ECLI:NL:CRVB:2023:1166
Centrale Raad van Beroep
- Hoger beroep
- Rechtspraak.nl
Hoger beroep over de ontvankelijkheid van een AOW-pensioen aanvraag
In deze zaak gaat het om de hoogte van het voorlopig aan appellant toegekende AOW-pensioen. Appellant heeft met ingang van 1 mei 2020 een voorlopig ouderdomspensioen van 12% van het volledige pensioen toegekend gekregen. De Sociale Verzekeringsbank (Svb) heeft appellant niet verzekerd geacht voor bepaalde periodes, wat heeft geleid tot een bezwaar en een daaropvolgend beroep bij de rechtbank. De rechtbank heeft het beroep ongegrond verklaard, waarna appellant hoger beroep heeft ingesteld.

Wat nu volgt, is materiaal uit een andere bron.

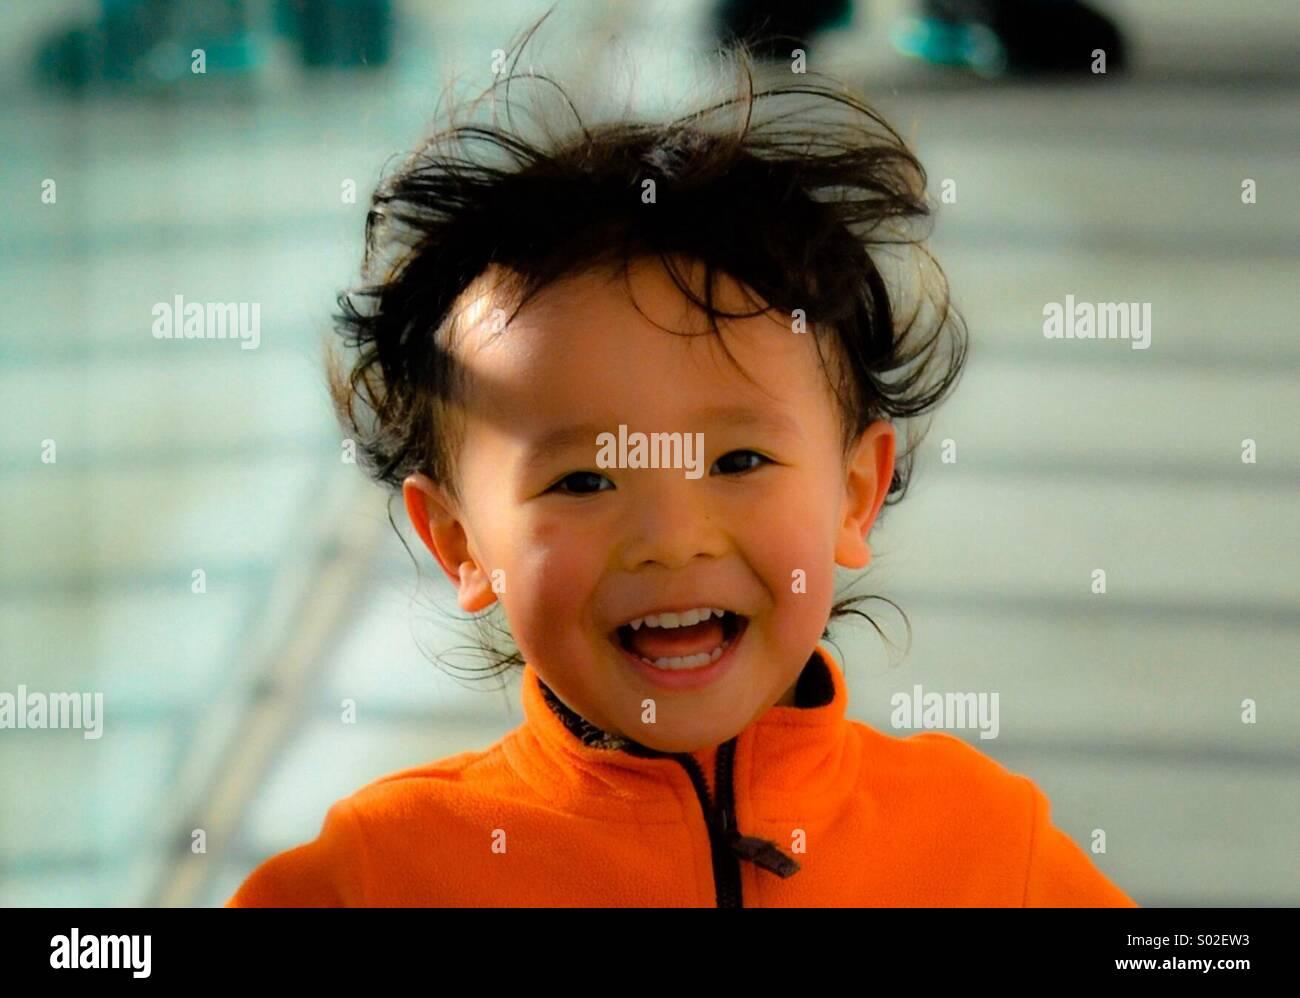 3 jährige Luis S. In Japan läuft und Lough wile schaut in die Kamera im Rinkaekoen Park in Tokio. Foto von: RAVT Stockfoto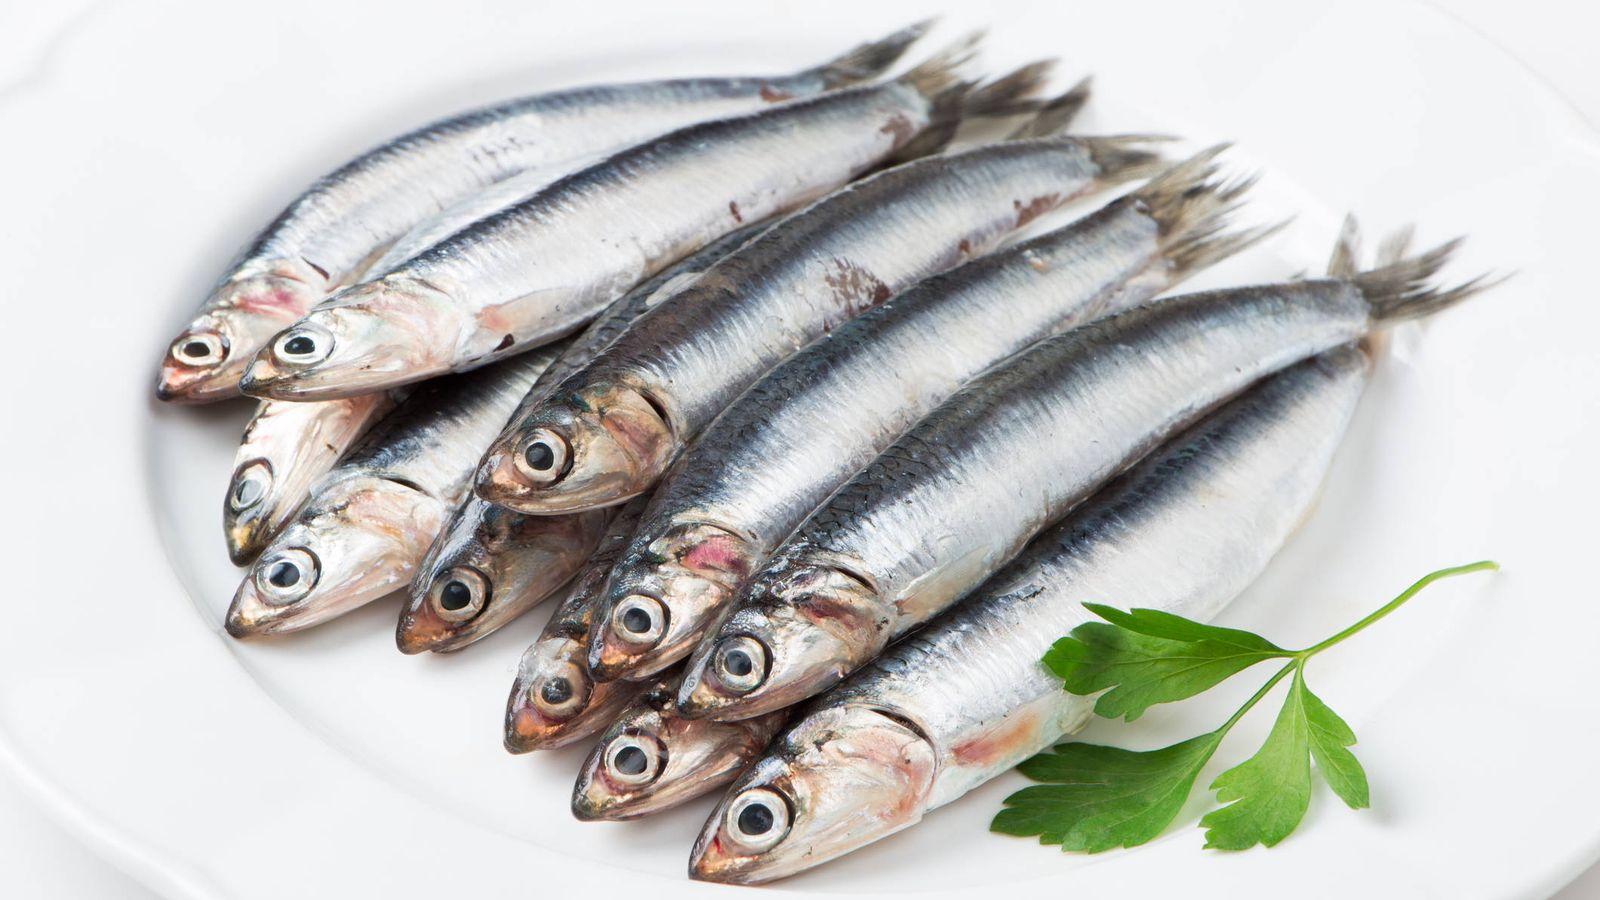 Pescado azul: ¿Pescado azul o pescado blanco? Cómo diferenciarlos y cuáles son sus beneficios

Tijdens de behandeling van de zaak is gebleken dat het ouderdomspensioen inmiddels definitief is toegekend, waardoor de Centrale Raad van Beroep zich de vraag stelde of appellant nog procesbelang had bij het hoger beroep. De Raad oordeelt dat appellant geen procesbelang heeft, omdat de definitieve toekenning van het pensioen de kwestie van het voorlopige pensioen irrelevant maakt. Hierdoor verklaart de Raad het hoger beroep niet-ontvankelijk, wat betekent dat er geen inhoudelijke beoordeling van de zaak plaatsvindt. Appellant krijgt geen vergoeding voor proceskosten en het betaalde griffierecht wordt niet teruggegeven.